◆ Your objective:
Find the line with "c8de2b5a6e Maui Jim" and the line with "gaišas virtuves stila durvis" in the entries below; output exactly those two lines, every line between them, and no others.

◆ Raw data:
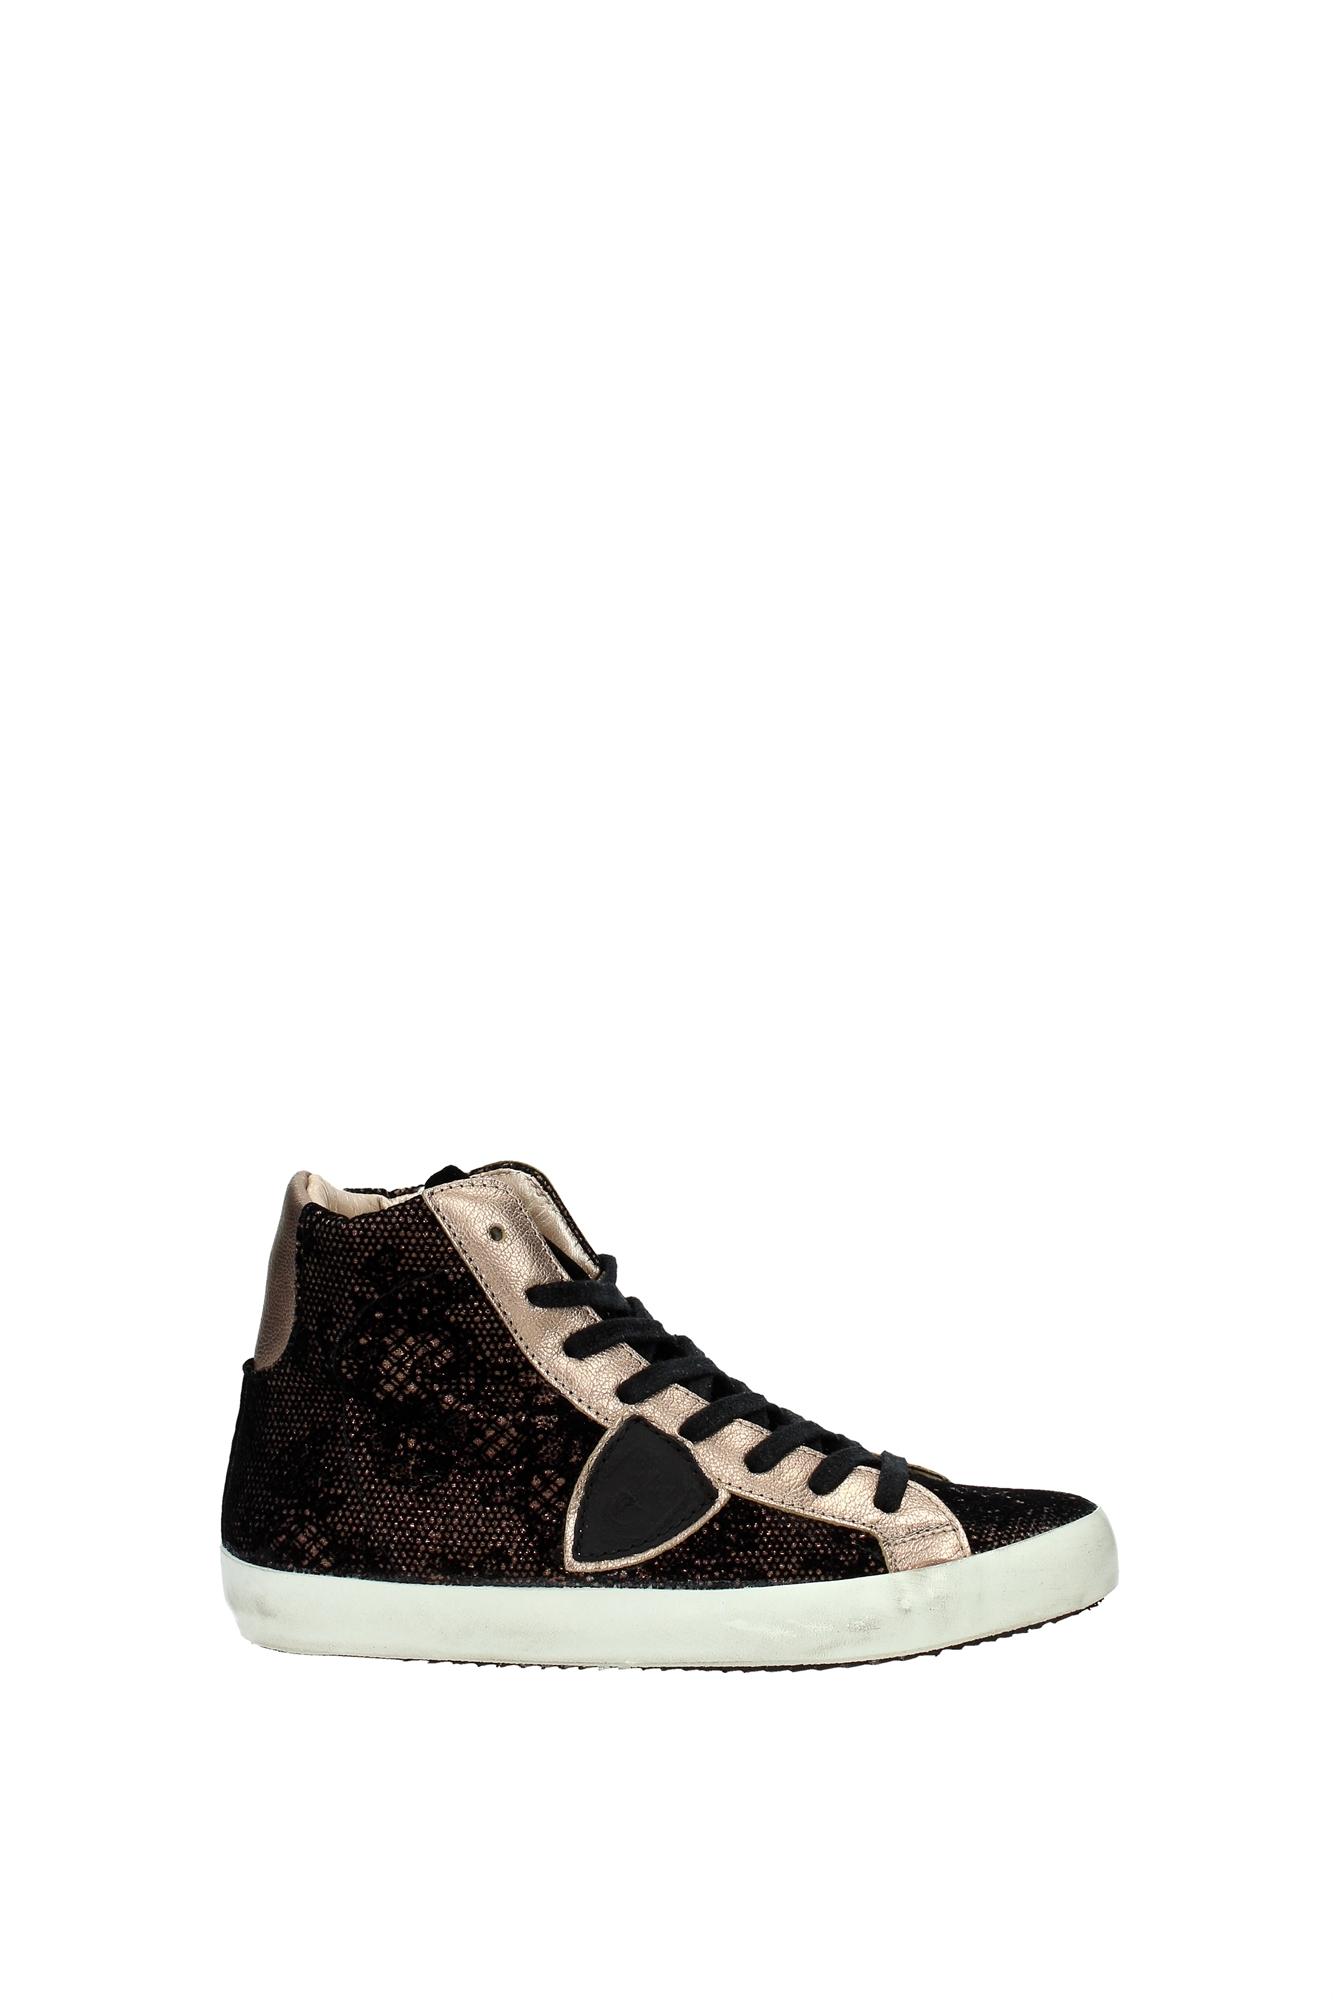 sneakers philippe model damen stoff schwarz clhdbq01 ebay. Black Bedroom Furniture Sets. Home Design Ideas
--
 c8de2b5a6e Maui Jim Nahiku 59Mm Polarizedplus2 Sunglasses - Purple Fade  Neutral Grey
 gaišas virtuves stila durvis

◆ Exercise solution:
 c8de2b5a6e Maui Jim Nahiku 59Mm Polarizedplus2 Sunglasses - Purple Fade  Neutral Grey
 gaišas virtuves stila durvis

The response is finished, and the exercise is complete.